First steps to NetViz Nirvana: evaluating social network analysis with NodeXL

SIN ’09: Proc. international symposium on Social Intelligence and Networking. IEEE Computer Society Press.

Bonsignore, E.M., Dunne, C., Rotman, D., Smith, M., Capone, T., Hansen, D.L. & Shneiderman, B. (2009)

http://www.cs.umd.edu/~cdunne/pubs/Bonsignore09Firststepsto.pdf

Abstract: Social Network Analysis (SNA) has evolved as a popular, standard method for modeling meaningful, often hidden structural relationships in communities. Existing SNA tools often involve extensive pre-processing or intensive programming skills that can challenge practitioners and students alike. NodeXL, an open-source template for Microsoft Excel, integrates a library of common network metrics and graph layout algorithms within the familiar spreadsheet format, offering a potentially low-barrier to-entry framework for teaching and learning SNA. We present the preliminary findings of 2 user studies of 21 graduate students who engaged in SNA using NodeXL. The majority of students, while information professionals, had little technical background or experience with SNA techniques.

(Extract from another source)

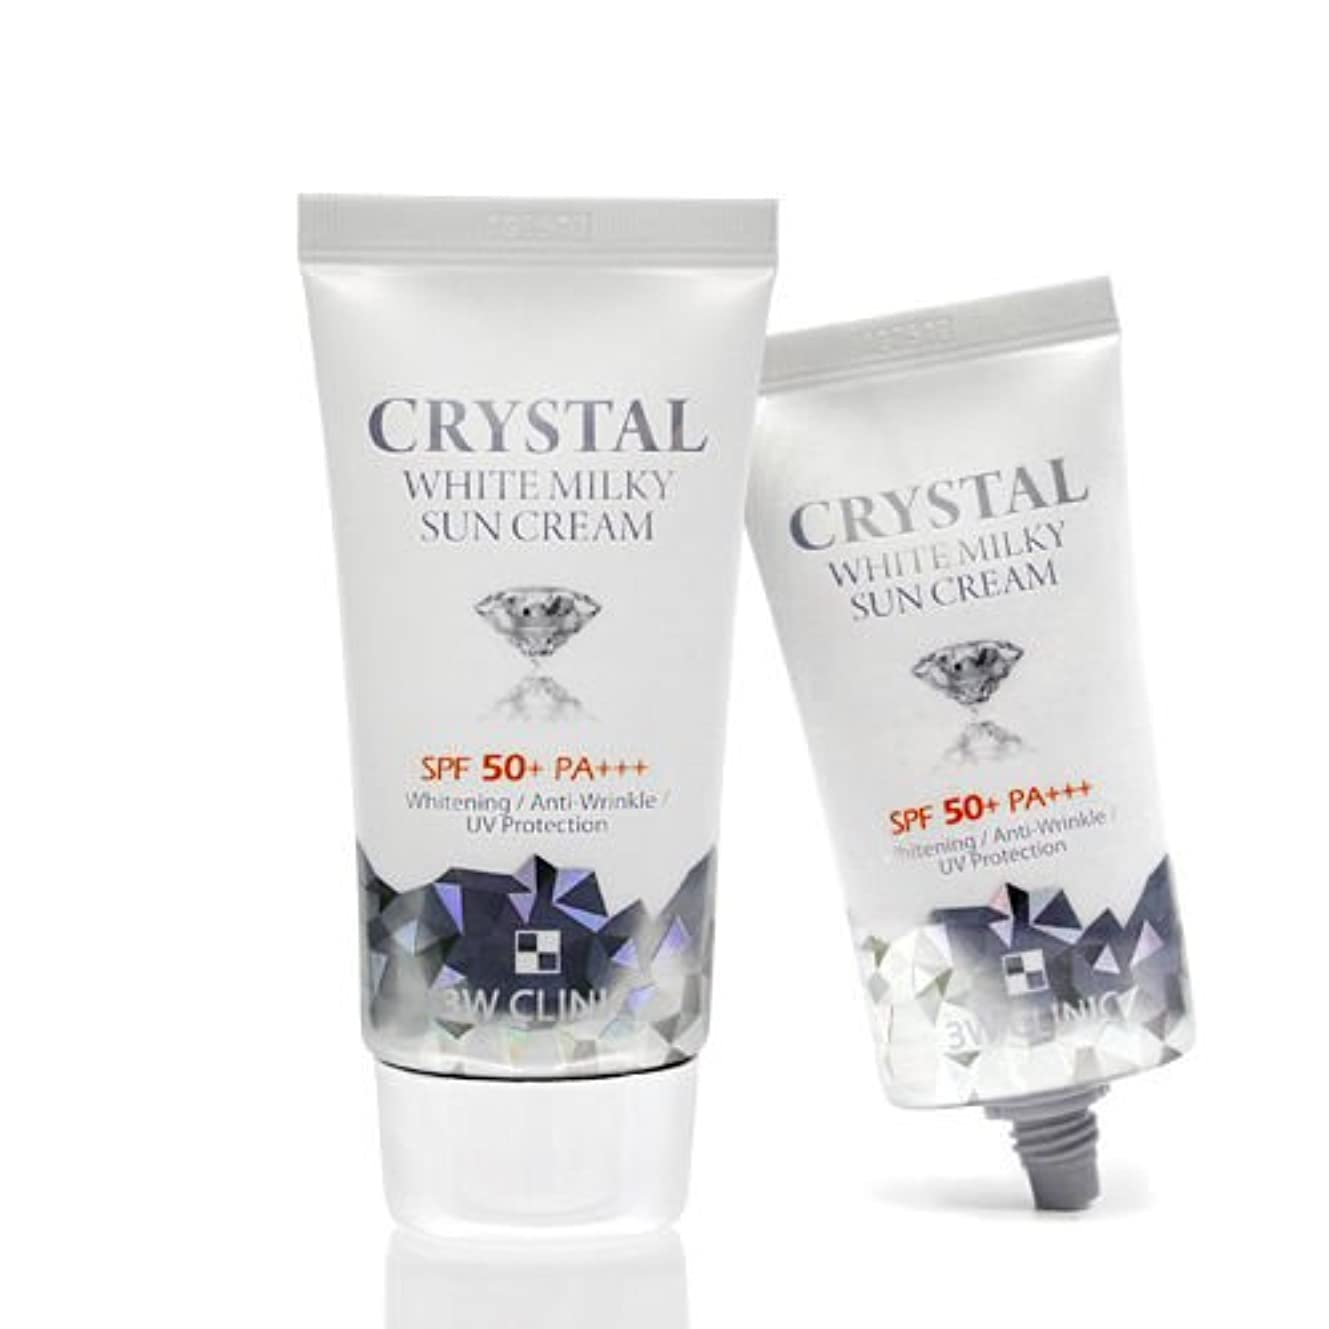 彫刻恋人ロッカー3Wクリニック[韓国コスメ3w Clinic]Crystal White Milky Sun Cream クリスタルホワイトミルキー 日焼け止めクリーム50ml[並行輸入品]

Six of the participants had more technical backgrounds and were chosen specifically for their experience with graph drawing and information visualization. Our primary objectives were (1) to evaluate NodeXL as an SNA tool for a broad base of users and (2) to explore methods for teaching SNA. Our complementary dual case-study format demonstrates the usability of NodeXL for a diverse set of users, and significantly, the power of a tightly integrated metrics/visualization tool to spark insight and facilitate sensemaking for students of SNA.

—————————————————————————————————-

Do You Know the Way to SNA?: A Process Model for Analyzing and Visualizing Social Media Data [44]

Hansen, D., Rotman, D., Bonsignore, E., Milic-Frayling, N., Rodrigues, E., Smith, M., Shneiderman, B. (July 2009)
University of Maryland Tech Report: HCIL-2009-17

Abstract: Voluminous online activity data from users of social media can shed light on individual behavior, social relationships, and community efficacy. However, tools and processes to analyze this data are just beginning to evolve. We studied 15 graduate students who were taught to use NodeXL to analyze social media data sets. Based on these observations, we present a process model of social network analysis (SNA) and visualization, then use it to identify stages where intervention from peers, experts, and computational aids are most useful. We offer implications for designers of SNA tools, educators, and community & organizational analysts.